Not wanting to stare and thereby give insult to the fellow, I looked away and kept walking. But after a few steps, I heard a “thud” behind me. I took a peek over my shoulder and saw that the old man had collapsed onto the street. The sight caused me to stop in my tracks.

I tried to move back toward the stricken man, but the steady stream of people walking by bumped into me and pushed me back. I couldn’t believe it. Everyone was ignoring the crumpled body, walking around it and even showing some displeasure at the inconvenience. One man stepped right over the top of his fallen countryman without so much as a break in his stride. Seeing that, I spun around and went with the flow until I found a place where I could watch from afar.
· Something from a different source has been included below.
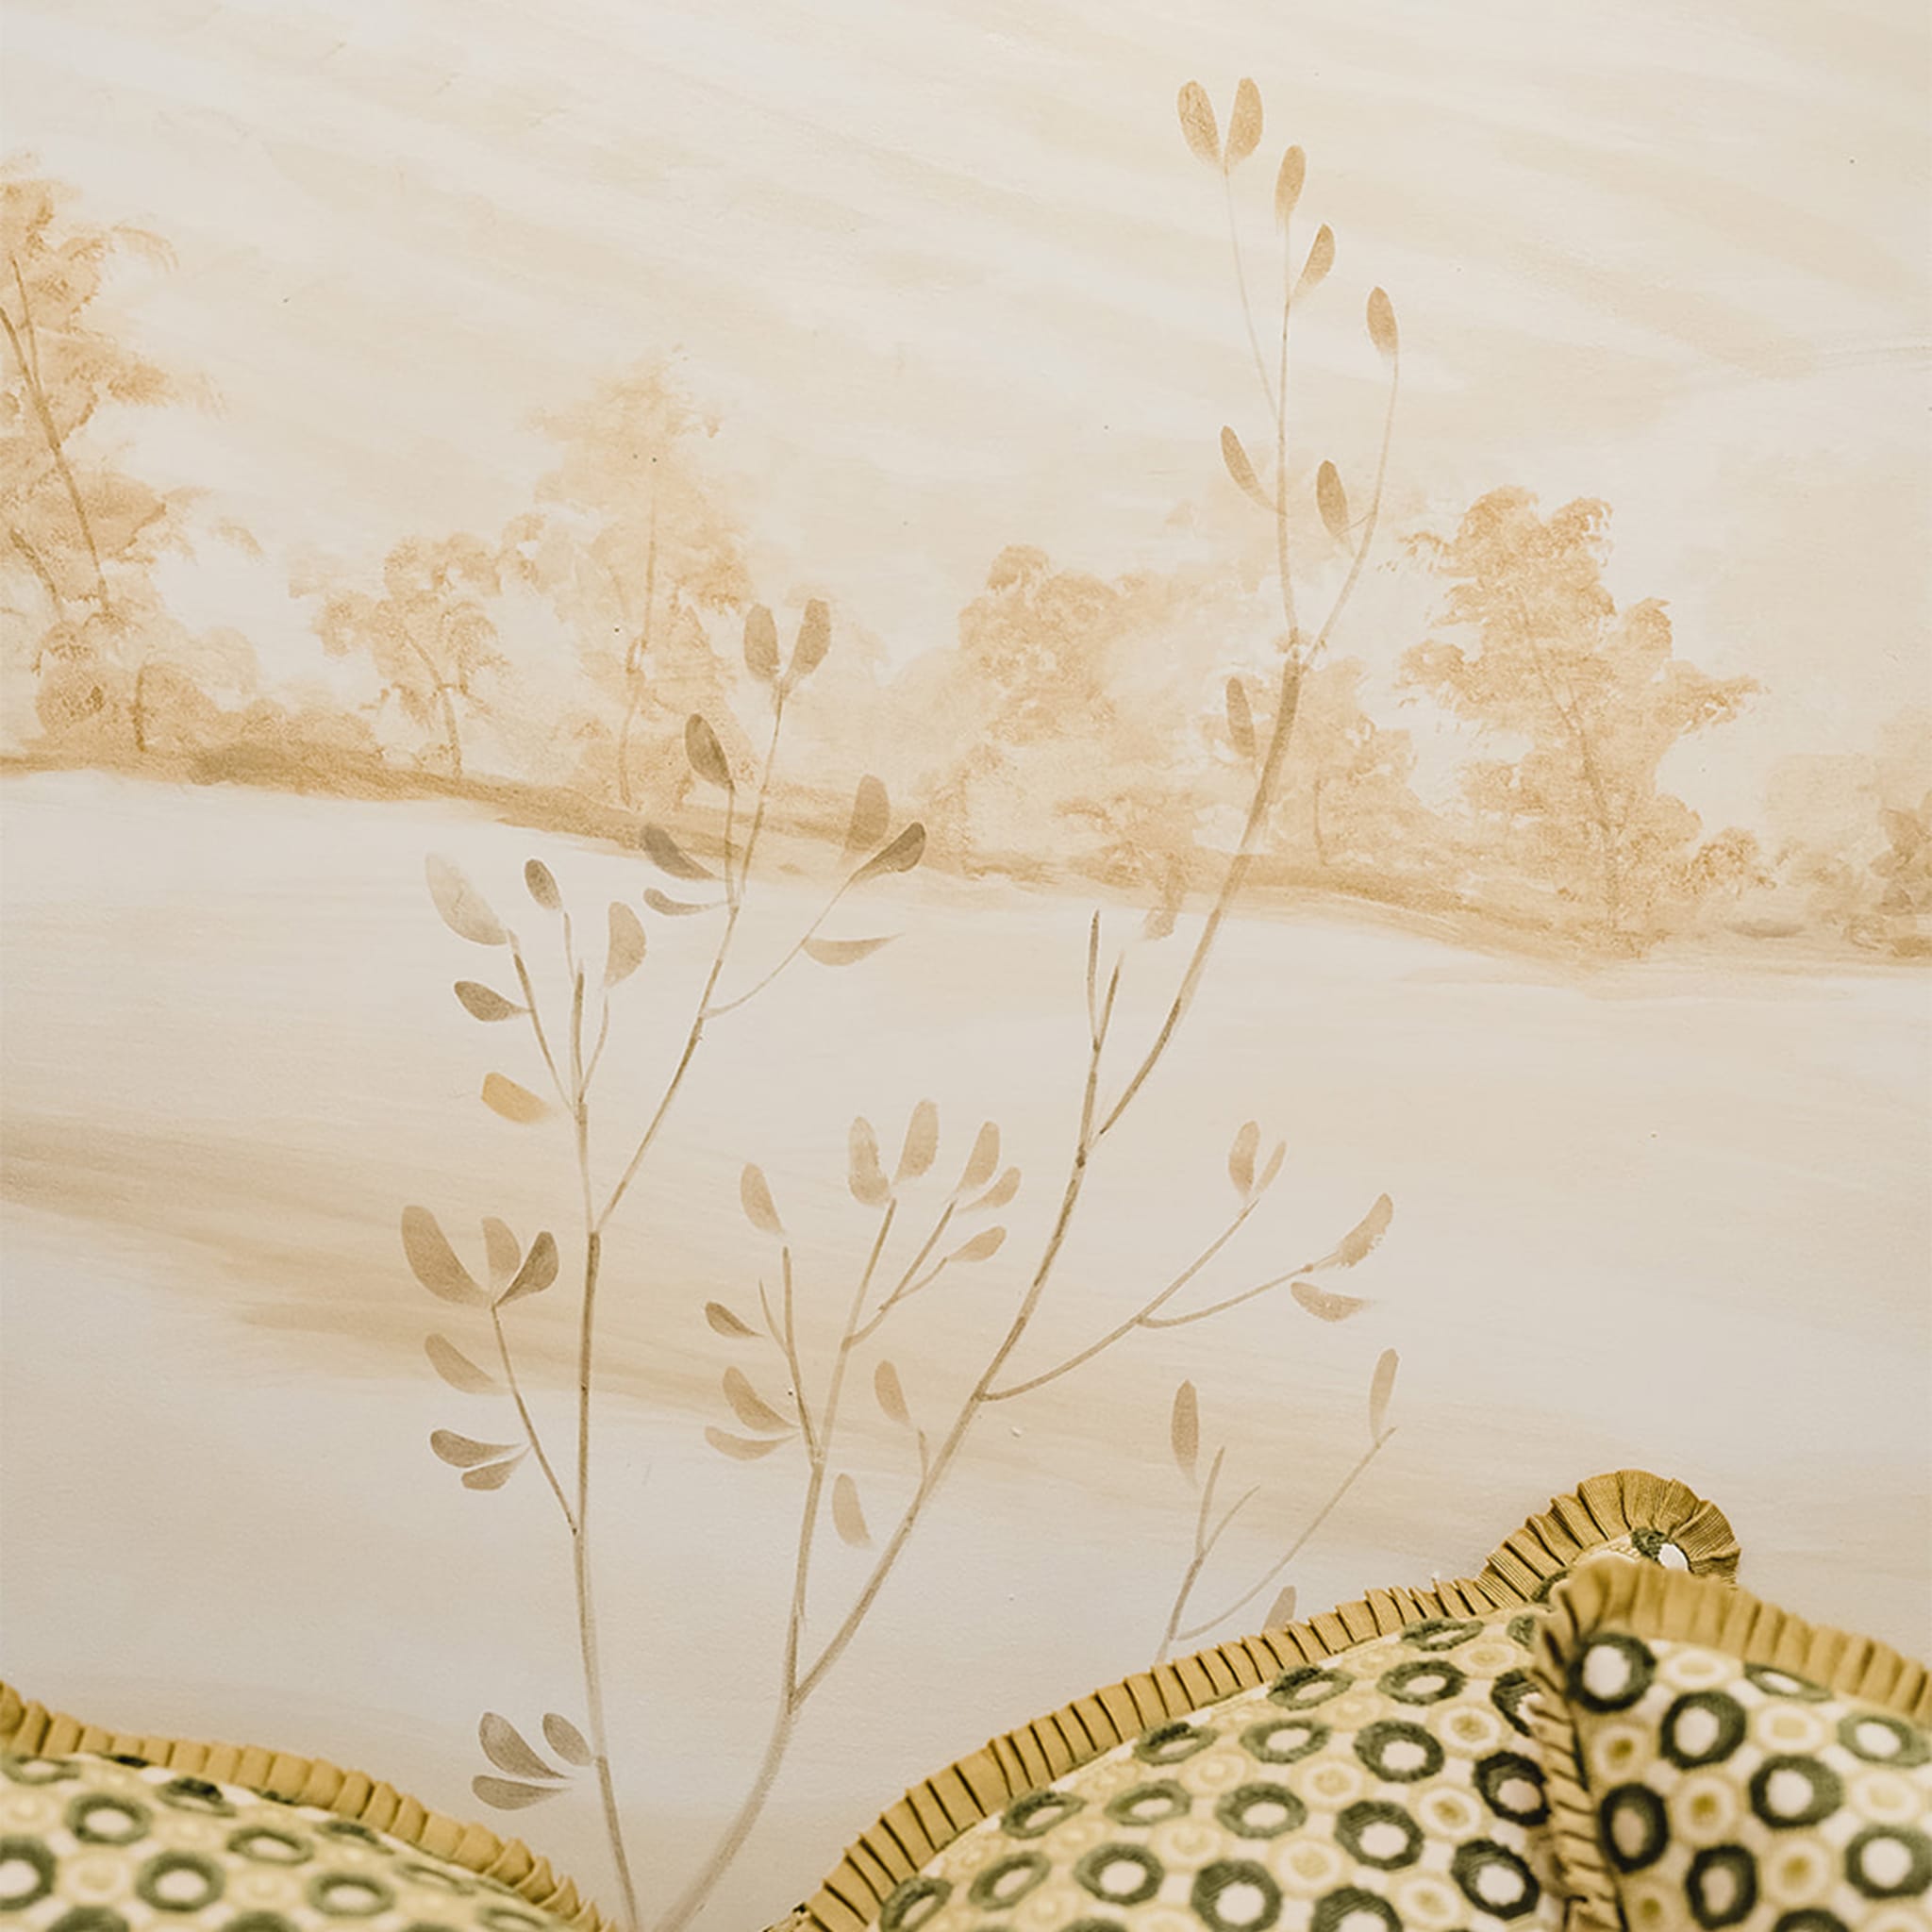 Monochromatic Countryside Hand-Painted Canvas Wallpaper  - Alternative view 2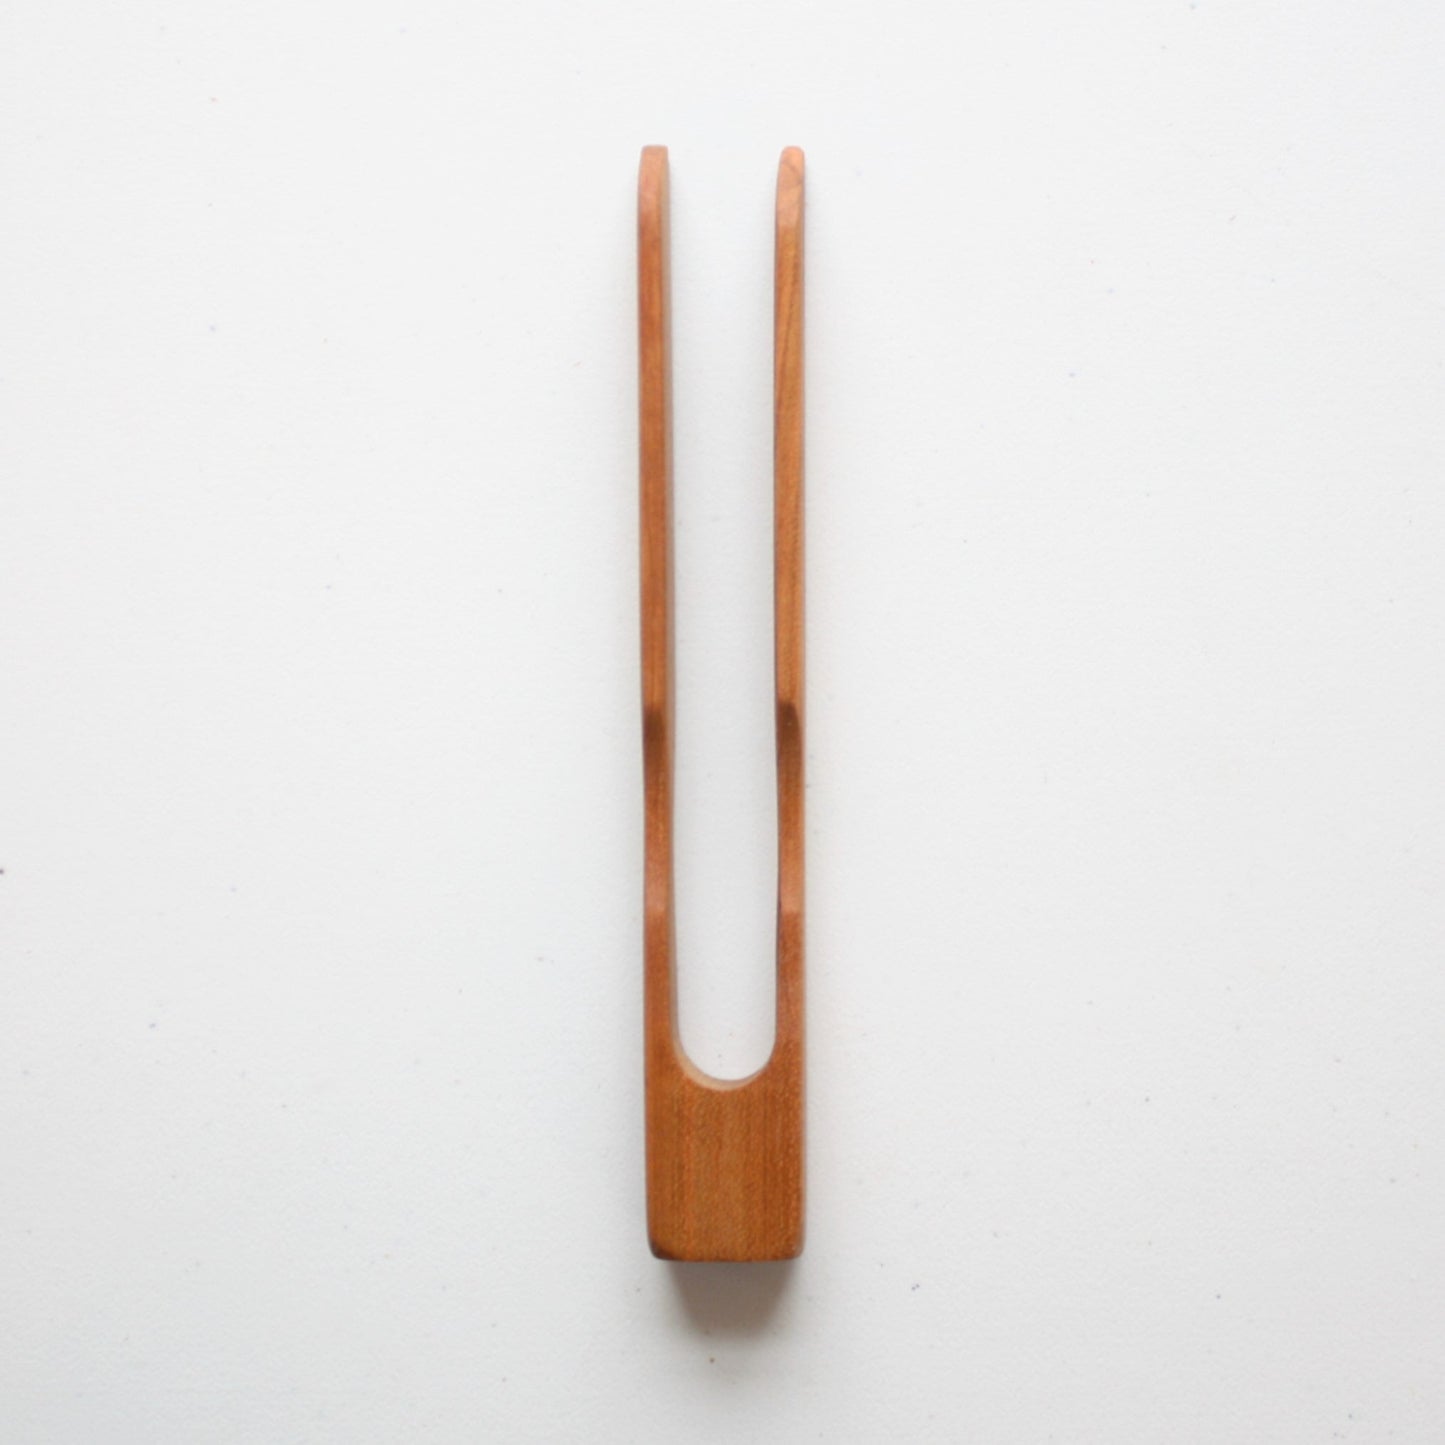 Handmade Wooden Toast Tongs - Made in the USA

What I saw was baffling. The old man received no attention or assistance. Perhaps he was dead. In that case, it appeared to me that he’d lie there until some street sweeper scooped him up later in the day. Until then, the only interested party may be a party of flies. Under the
strange circumstances, I chose to protect myself from a possible sticky situation and walked back to the PX.